• **Task instructions**
An exact restatement of all the data is required, with the pictures left out.

+++ Information provided +++

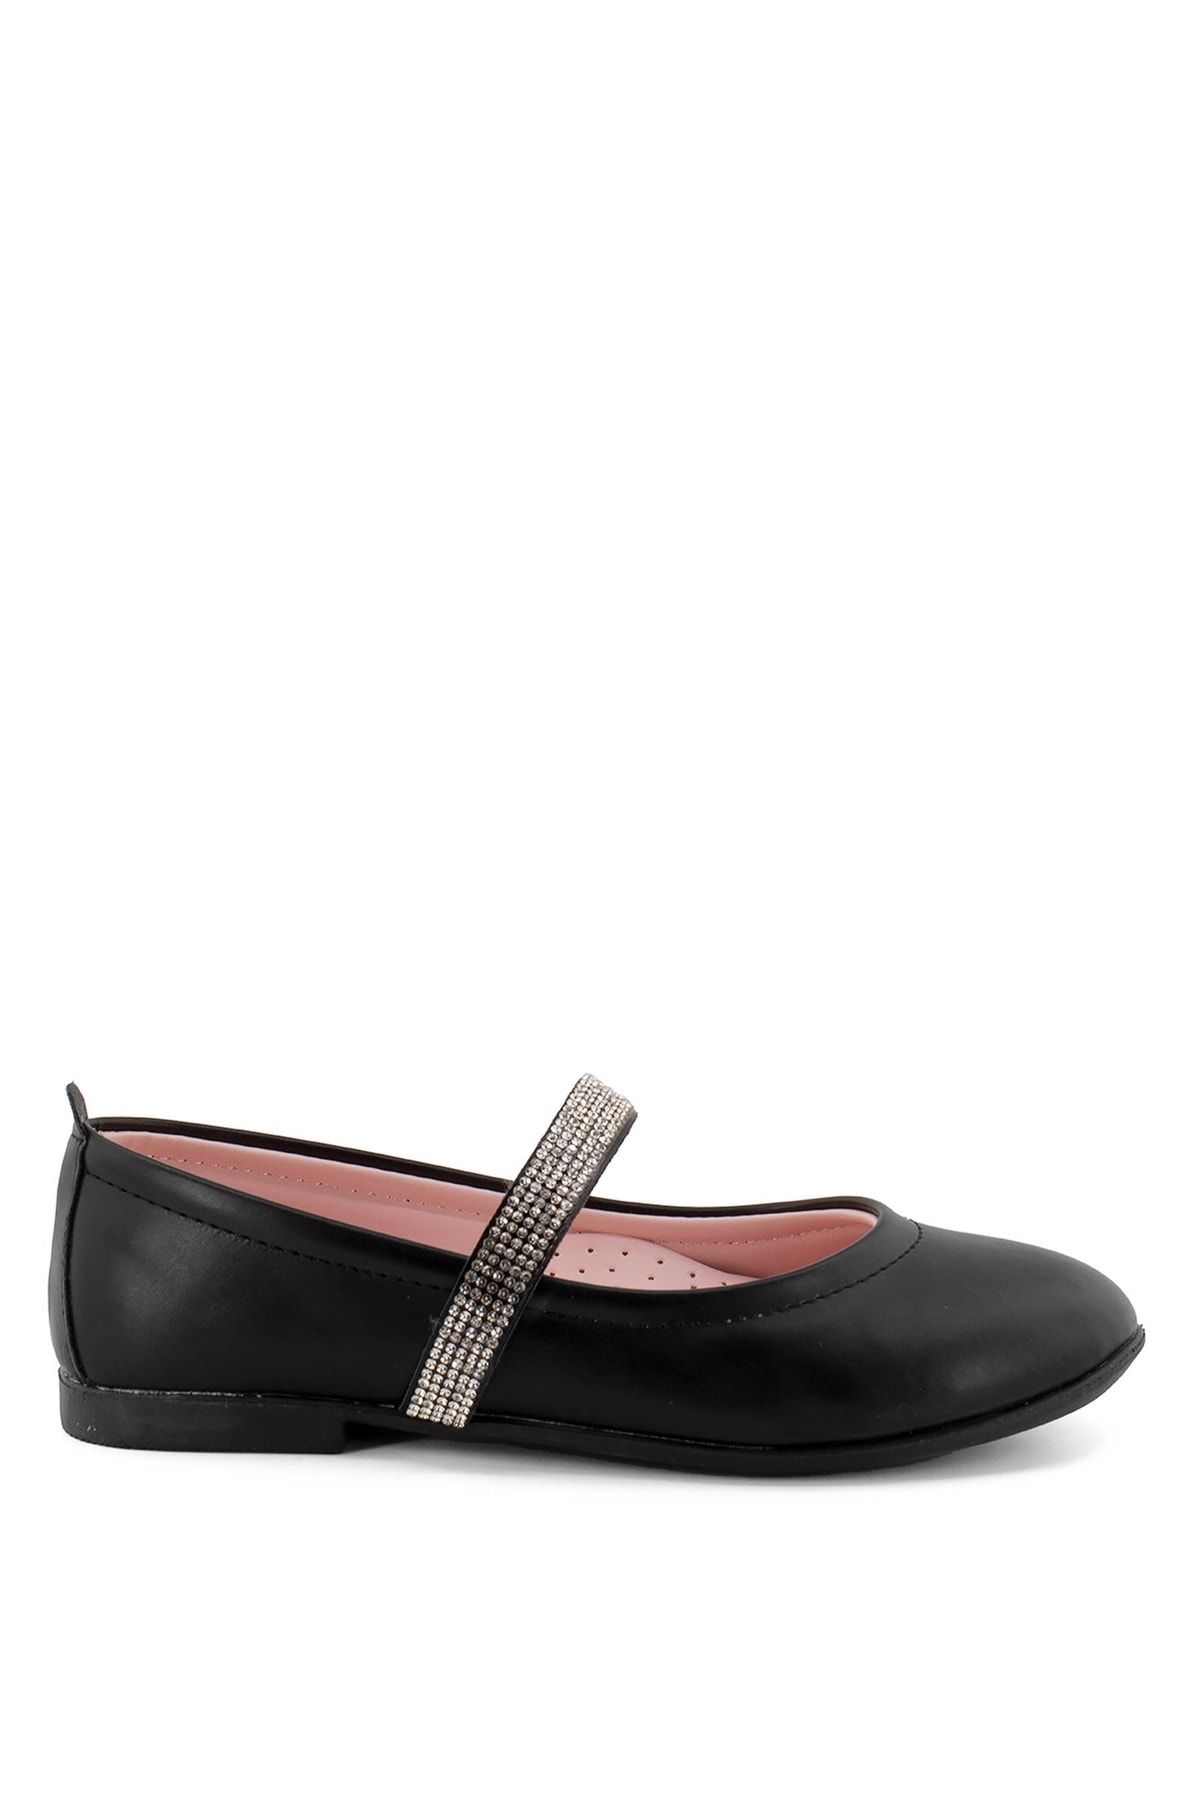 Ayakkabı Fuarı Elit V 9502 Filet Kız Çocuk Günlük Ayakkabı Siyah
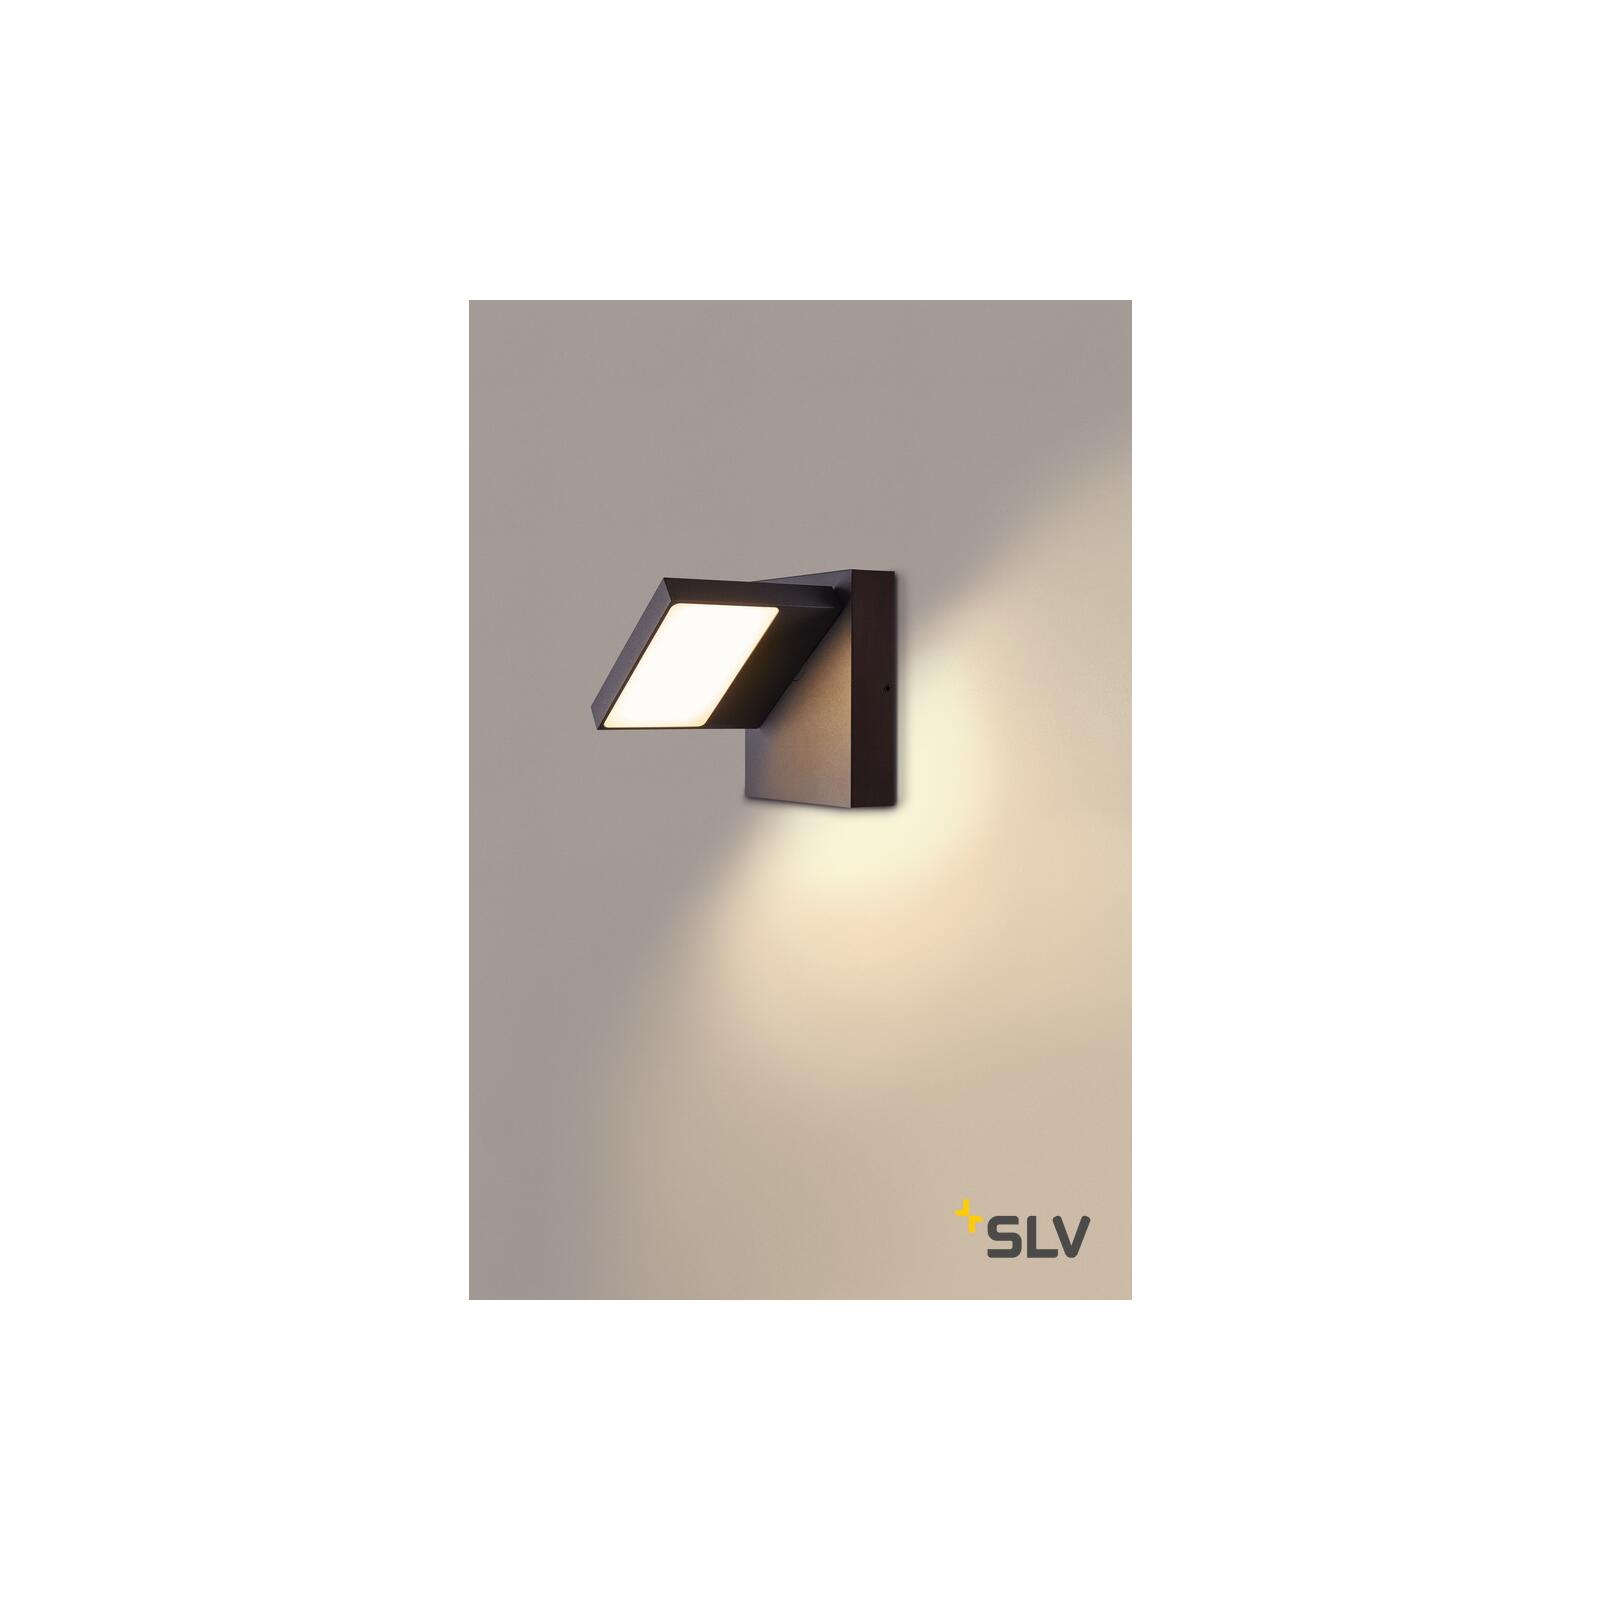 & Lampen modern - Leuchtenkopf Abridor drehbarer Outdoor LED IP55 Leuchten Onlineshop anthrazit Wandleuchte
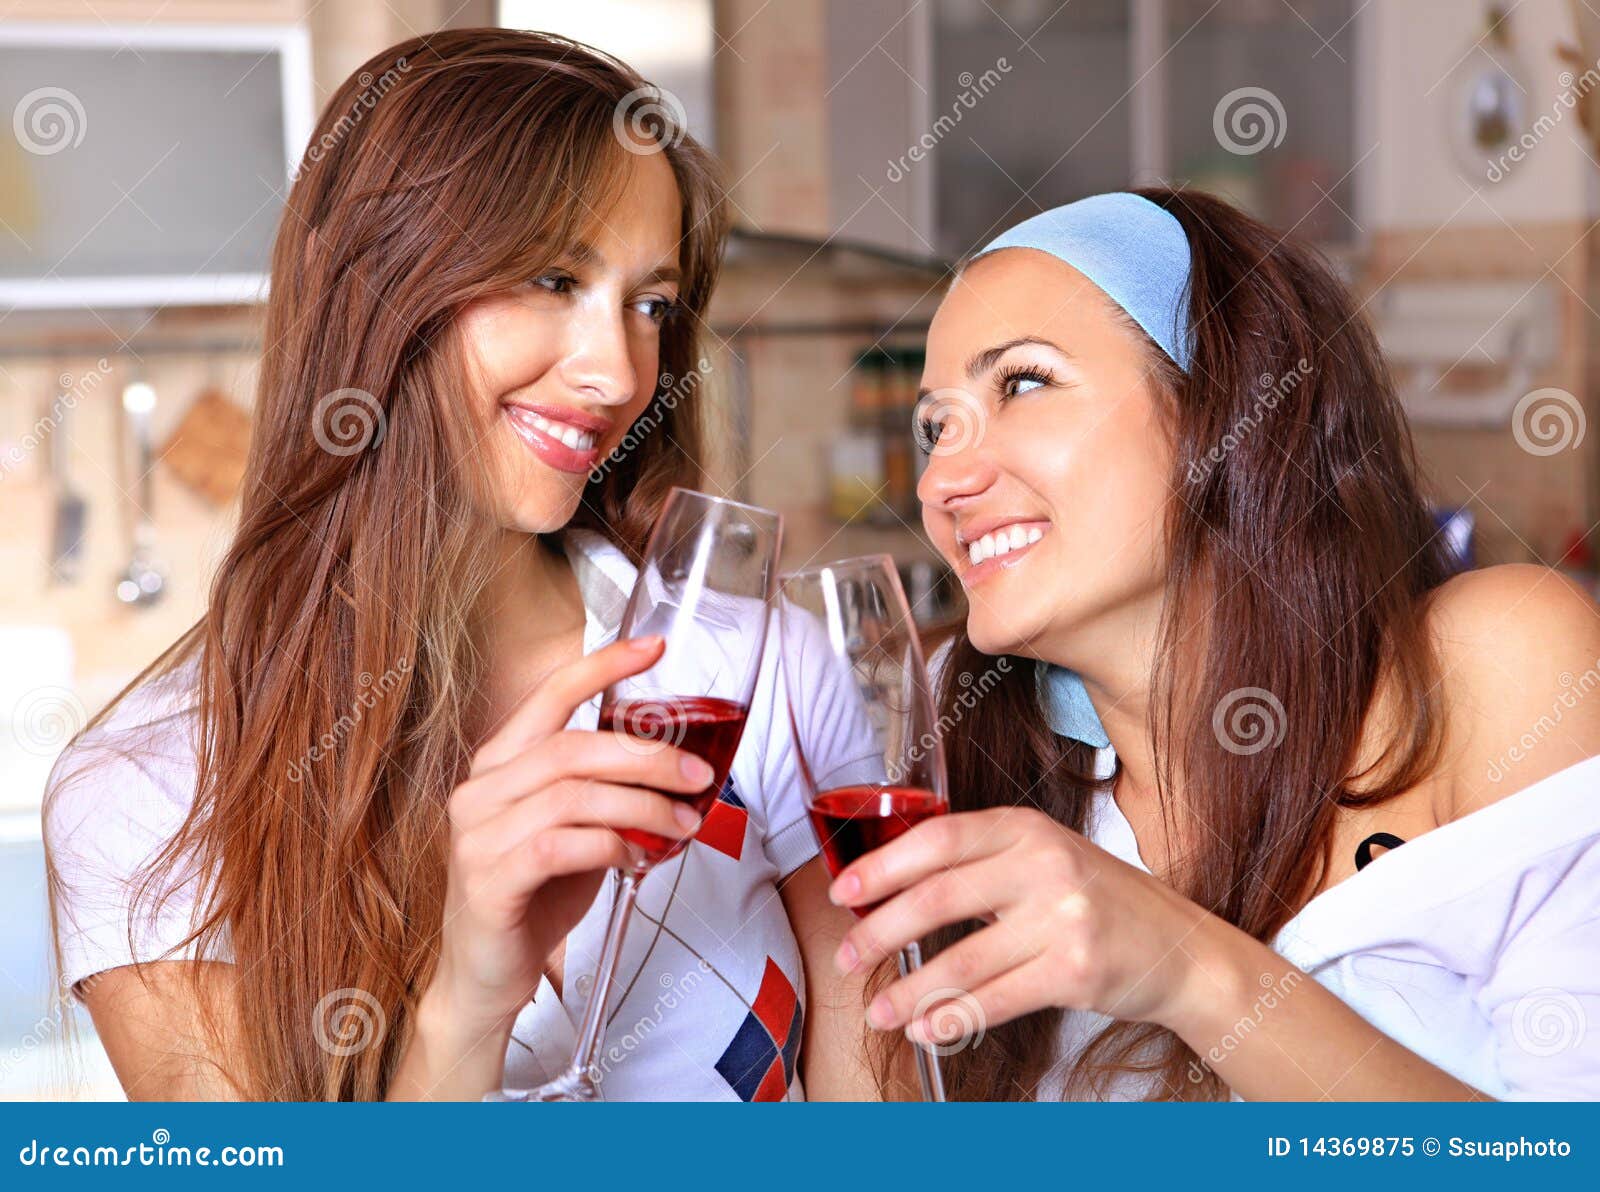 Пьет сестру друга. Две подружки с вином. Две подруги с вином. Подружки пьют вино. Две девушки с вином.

+++

• **Task result**
 Ayakkabı Fuarı Elit V 9502 Filet Kız Çocuk Günlük Ayakkabı Siyah
 & Lampen modern - Leuchtenkopf Abridor drehbarer Outdoor LED IP55 Leuchten Onlineshop anthrazit Wandleuchte
 Пьет сестру друга. Две подружки с вином. Две подруги с вином. Подружки пьют вино. Две девушки с вином.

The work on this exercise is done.